Her temmuz ayının 3. pazartesi günü denize saygı anlamında ritüeller yapılmaktadır.
Sakura Bahçeleri
Doğa sevgisiyle örtüşen güzellikte Sakura bahçeleri, kültüre ait önemli sembollerden bir tanesidir. Kiraz çiçekleri adıyla bilinen Sakura, ziyaretçilerine görsel ziyafet sunan özellikte tasarımı ve 9.000 kiraz ağacının süslediği görünümüyle bir tabiat harikasıdır. Ueno parkının en eşsiz bölgesi olarak dikkat çeken Japon bahçeleri, Tokyo, Kanazawa ve Kyoto şehirlerinde en dikkat çekici özelliklerle yer almaktadırlar.
Japonya Mutfağı
Japonya’ya ait merak edilen kültürel bir başka konu da Japon mutfağı ve yemekleri. Japonların ana gıdasının pirinç olduğunu söylemeye gerek yok. Oldukça eski ve geleneksel bir yemek olan pilav dışında, ülkede suşi, haşlanmış sebze ve deniz ürünleri, baharatlı çorbalar, turşular sıklıkla tüketilmektedir. Japonya’ya ziyaret planlıyorsanız kültürün eski ve geleneksel yemeği olan “Washoku” ziyaretçiler için tavsiyeler arasında yer almaktadır.
Japon yemek çubukları olan “Chopstick” diye tabir ettiğimiz çubuklar, tek kullanıma dönük “Waribashi” adıyla bilinir. Bu çubuklarla yemeğini karıştıran, tabaklara aktarmak amacıyla kullanan Japonlar için önemli bir görgü kuralı vardır. Aynı çubuğu bir başkası kullanamaz ve çubuğu yemeğe dik olarak batırmak büyük bir kabalıktır. Çubukla yeme alışkanlığı Japonlar dışında, Çinliler, Tibetliler, Singapurlu ve Taylandlı insanlarda da bulunmaktadır.
Sıkça Sorulan Sorular
Japonya 1947 senesinden bu yana oluşturduğu anayasal değişiklikle güçler ayrılığı sistemini uygulamaktadır (Yasama, yürütme, yargı). Yasamadan sorumlu bir meclis söz konusudur. Halk egemenliğine dayalı, temel insan haklarına saygı ve barışın savunulduğu ilkelerle oluşturulan yeni anayasayla ülkede çoğulcu parlamenter yönetim sistemi uygulanmaktadır.
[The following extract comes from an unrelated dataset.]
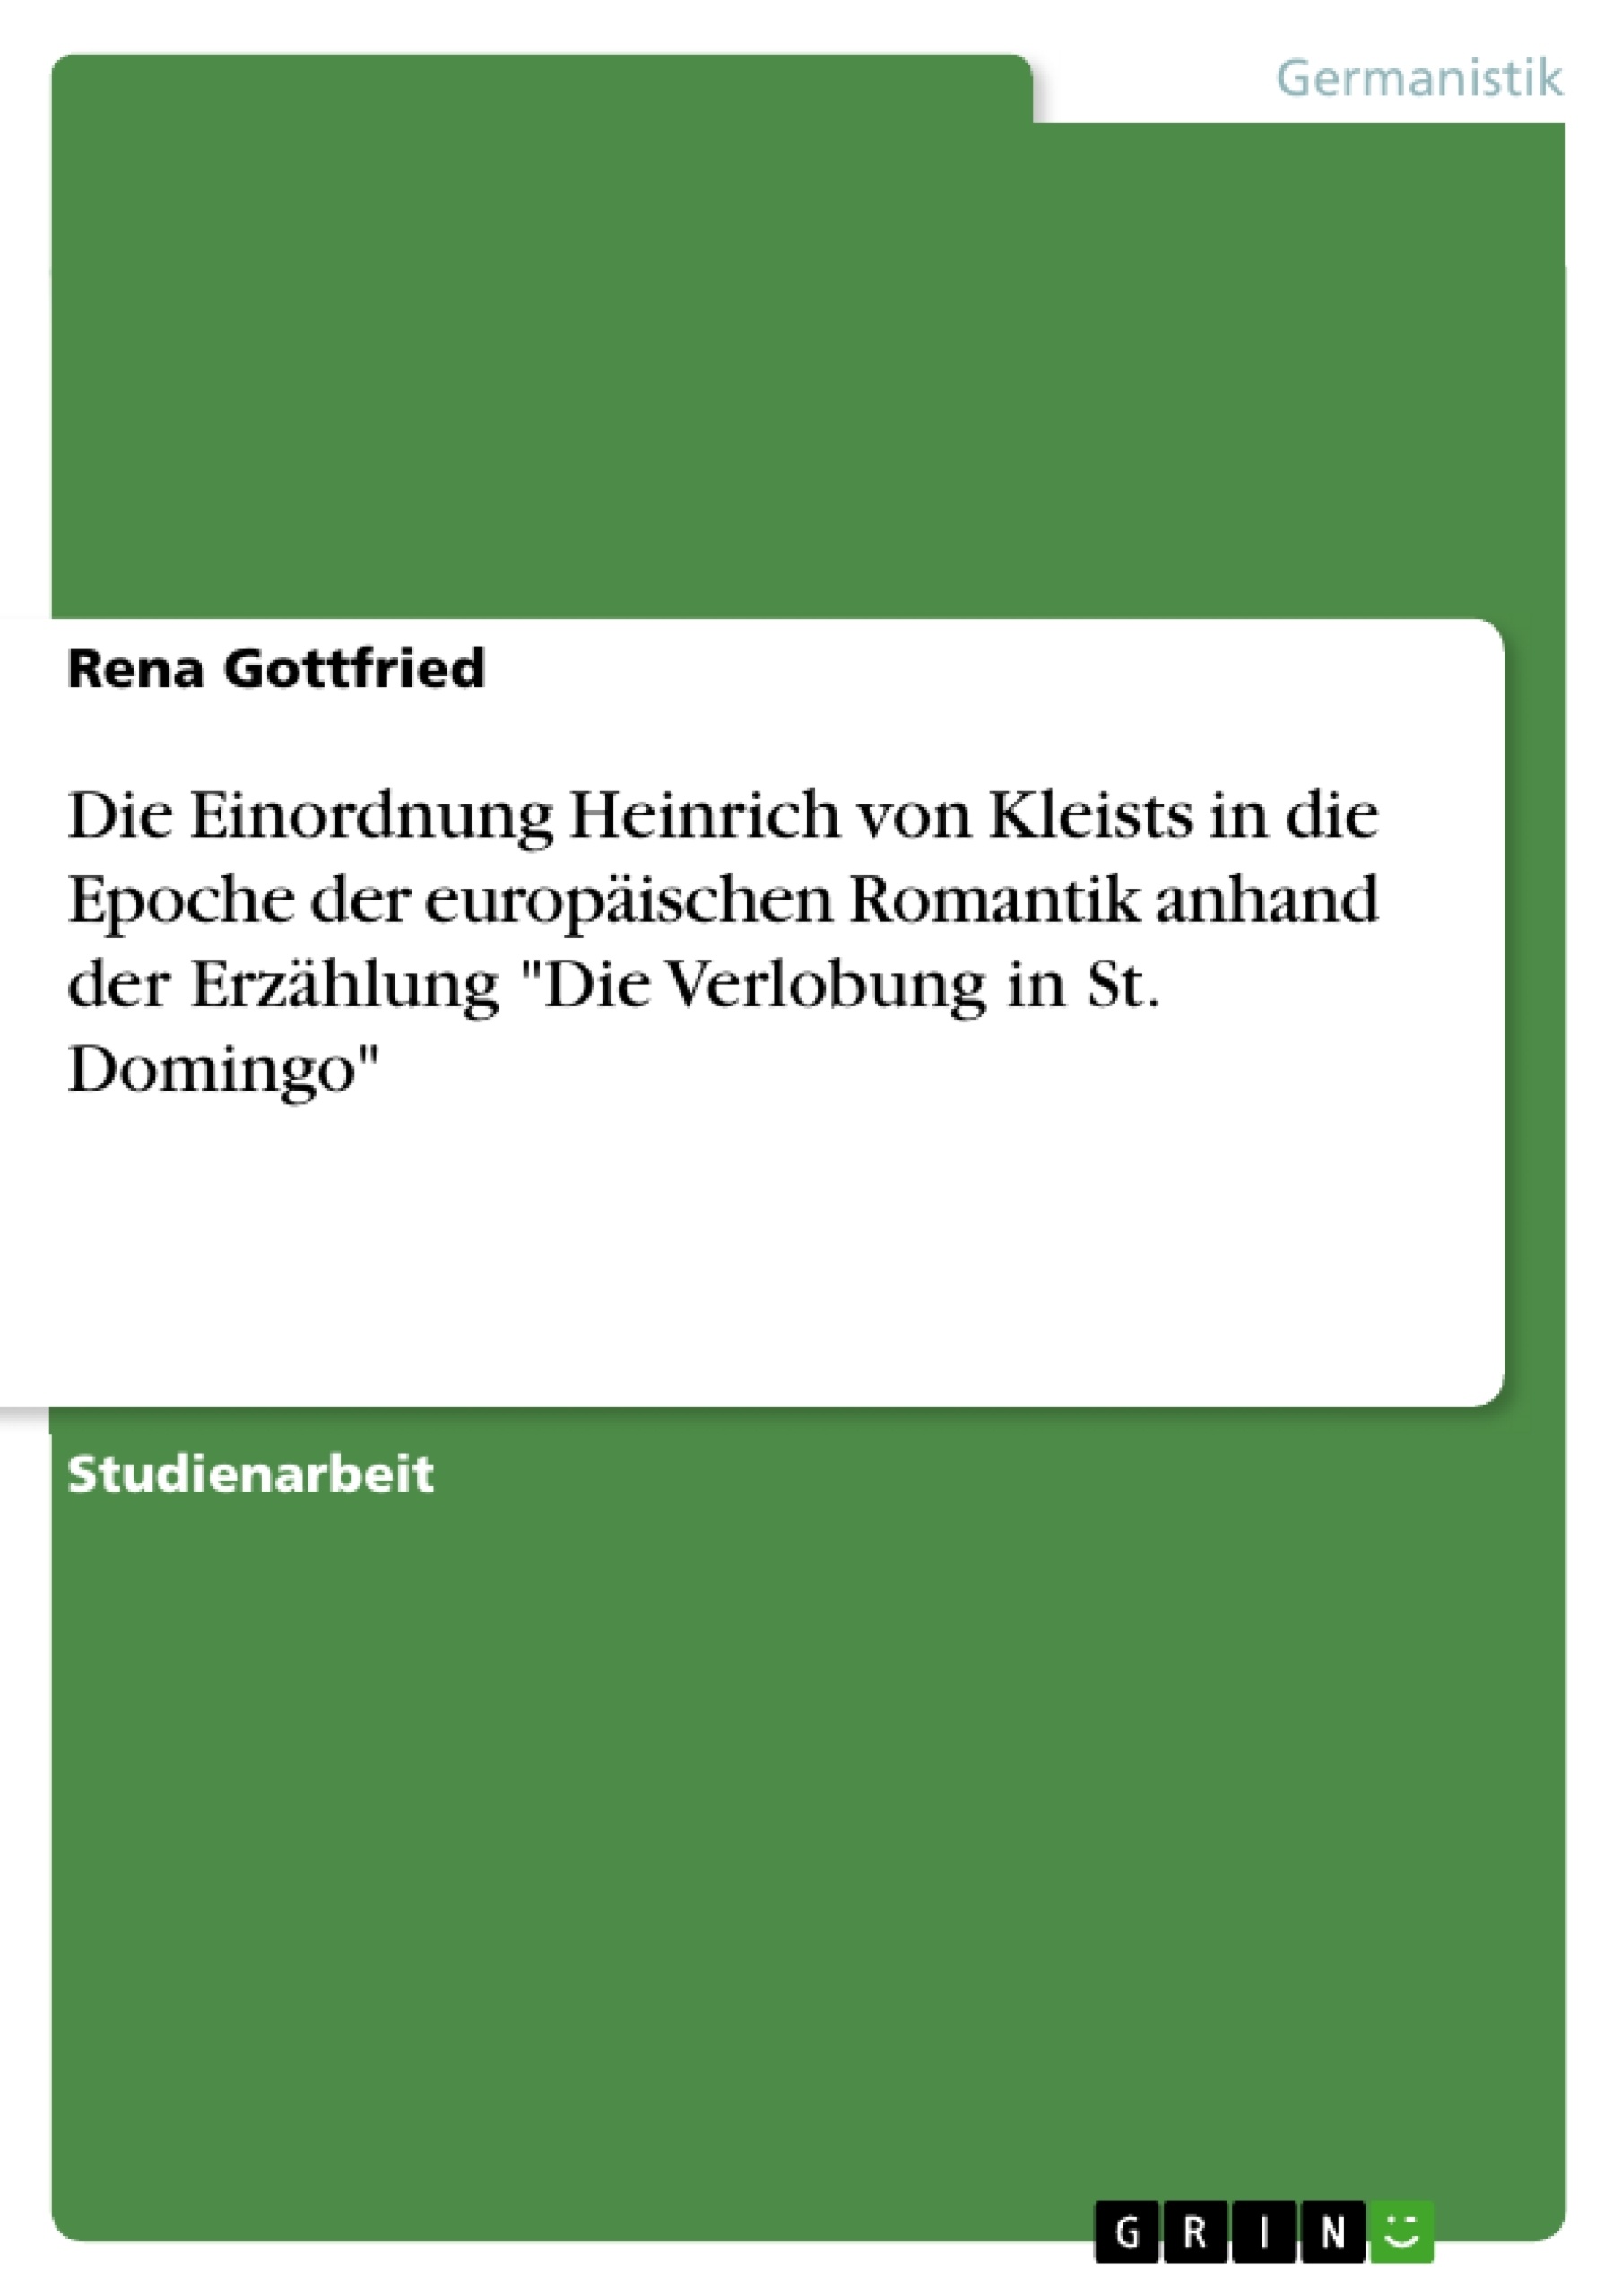 Titre: Die Einordnung Heinrich von Kleists in die Epoche der europäischen Romantik anhand der Erzählung "Die Verlobung in St. Domingo"

Japon geleneksel kıyafetlerden kimonolar, özel törenler, toplantılar ve festivallerde giyilebilen milli bir kıyafettir. Kimono giyildiğinde kural olarak, normal bir ayakkabı ve çorap giymek yasaktır. Ayrıca evlilik törenlerinde damat ve gelin siyah kimonolar giyip, sorguç takmalıdırlar.